Flying in the Face of Facts


WASHINGTON, D.C—First they said they’d never heard of an attack with planes. Then they said there had been vague mentions of something like that. But the intelligence info was full of nuance and might have meant this or that, and anyhow, the computers weren’t properly talking to one another. Now, six years after the first alarms went off in the White House under Clinton, and three years after the attacks, the horrid truth emerges: The top levels of the U.S. government knew from 1998 on that a big attack was coming. They never told us.

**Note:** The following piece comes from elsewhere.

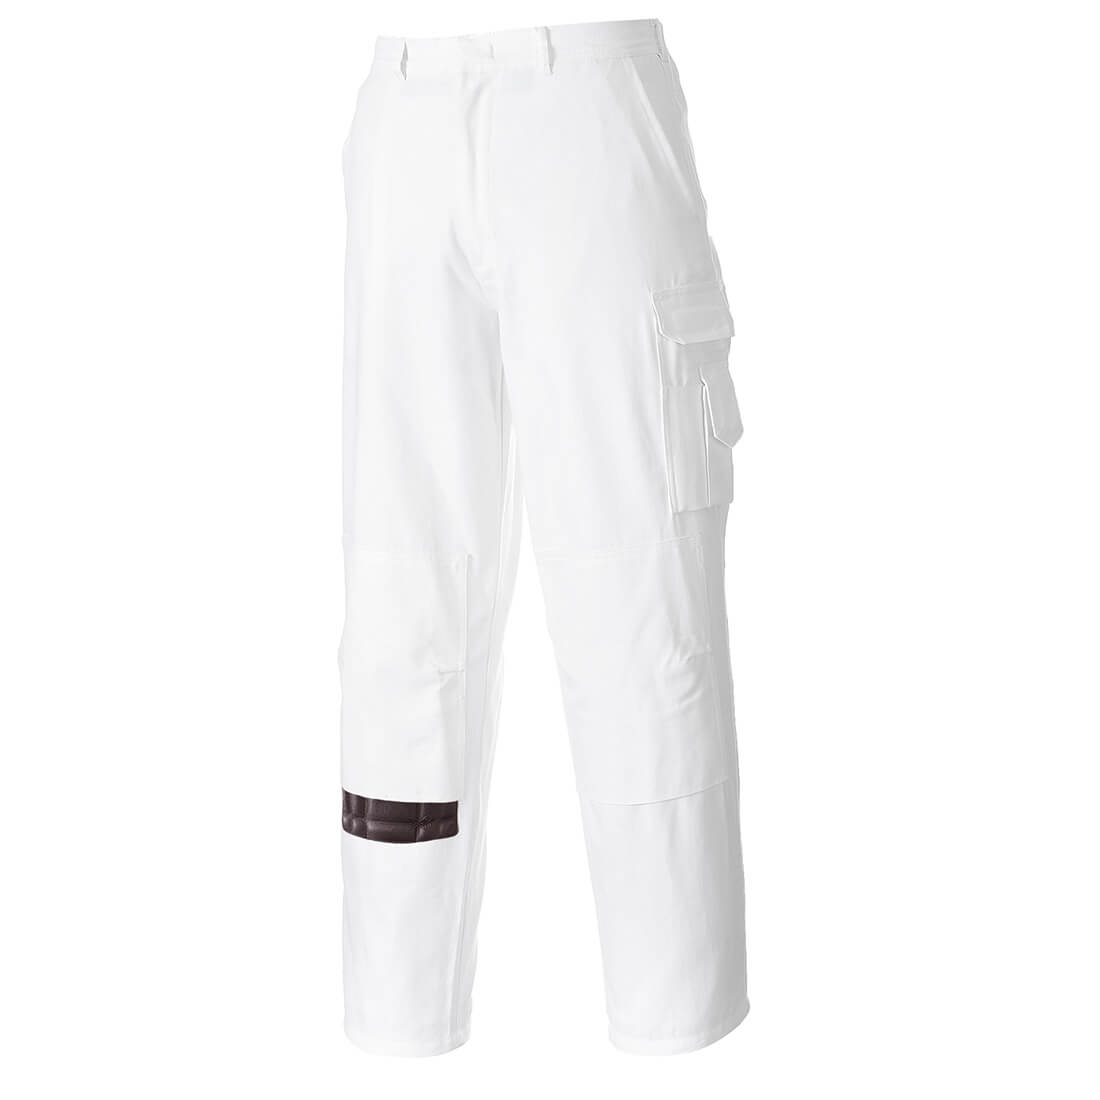 Image of Portwest Painters Trousers White XS 31"

As reported over the weekend, the Presidential Daily Brief for December 4, 1998, was headed: “Bin Laden preparing to hijack U.S. aircraft and other attacks.” The memo said intelligence reports “suggest Bin Laden and his allies are preparing for attacks in the U.S., including an aircraft hijacking to obtain the release of Shaykh Umar Abd al-Rahman, Ramzi Yousef and Muhammad Sadiq Awda. One source quoted a senior member of [the Egyptian terrorist group] Gama at al-Islamiyya (IG), saying that as of late October the group had completed planning for an operation in the United States on behalf of bin Laden but that the operation was on hold. A senior bin Laden operative from Saudi Arabia was to visit IG counterparts in the United States soon thereafter to discuss options—perhaps including an aircraft hijacking.” All this is from Susan Schmidt of The Washington Post, who was read the text of the brief over the phone by the usual anonymous government official.

There’s more. The same source, or possibly another source, is quoted in the memo as saying the “operational team had evaded security checks during a recent trial run at an unidentified New York airport.” Additionally, the memo says that since Osama bin Laden had no experience in hijacking, he was probably assessing other types of operations against the U.S., notably transporting SA-7 missiles from Yemen into Saudi Arabia “to shoot down an Egyptian plane or, if unsuccessful, a U.S. military or civilian aircraft.” A Bush White House official told the Post on Saturday that there is “no record or recollection of the new White House team having been briefed on that threat information.” Just how the Clinton administration responded to this threat is to be spelled out in the 9-11 Commission report set for release July 22.

Place this memorandum amid the steady stream of warnings, and you begin to get a pretty clear picture that intelligence agencies and governments in various parts of the world were well aware that bin Laden was planning an attack in the U.S. involving commercial planes. Here are just a few of the warnings we’ve already culled from Paul Thompson’s 9-11 timeline ( In 1999, British intelligence reported to the U.S. embassy that Al Qaeda had plans to use “commercial aircraft” in “unconventional ways . . . possibly as flying bombs.” In June 2001, German intelligence warned the U.S., Britain, and Israel that Middle Eastern terrorists were planning to hijack commercial aircraft and use them as weapons. In late July 2001, Egyptian intelligence received a report from an undercover agent in Afghanistan that “20 Al Qaeda members had slipped into the U.S., and four of them had received flight training on Cessnas.” In late summer 2001, Jordanian intelligence intercepted a message stating that a major attack was being planned inside the U.S. and that aircraft would be used—the code name of the operation was said to be Big Wedding, which did in fact turn out to be the code name of the 9-11 plot. Russian president Vladimir Putin has said publicly that he ordered his intelligence agencies to alert the U.S. in summer 2001 that suicide pilots were training for attacks on U.S. targets. Five days before 9-11, a priest, considered a reliable source, heard from Muslims at a wedding of a planned attack in the U.S. using planes. This information may have come from a Milan-based Al Qaeda cell that forged documents for the organization’s operations. Wiretaps indicated that its members were aware of a plot very much like 9-11—a year before the attacks.

And these warnings don’t include a Muslim from Britain who said he was recruited by Al Qaeda to participate in the attack, but who changed his mind and went to the FBI—which turned him away. Or the FBI translator’s knowledge of an FBI source in Afghanistan who told agents in spring 2001 of a coming attack. Or the men in summer 2001 who, after taking pictures of downtown Manhattan federal buildings and police stations, were caught but then released by the feds, who didn’t find out until they were gone that their visas were fakes.

As for the normally loquacious Bill Clinton, who was president when the 1998 memo came to his desk at the White House, his remarks on 9-11 and the aftermath have been subdued and evidently aimed at protecting his own record. “There’s not a shred of evidence,” he said in an AOL online interview in late June, “that I denied either the military or the intelligence services of our country anything when they were after the terrorists in general and bin Laden in particular.” In his meeting with the 9-11 commissioners, Clinton reportedly said intelligence wasn’t strong enough to warrant an attack on Al Qaeda following the bombing of the U.S.S. Cole in Yemen in October 2000. And in his new book, My Life, he writes, in discussing a meeting on July 4, 1999, in D.C. with Pakistani prime minister Nawaz Sharif, “We had intelligence reports that Al Qaeda was planning attacks on U.S. officials and facilities in various places around the world and perhaps in the United States as well.”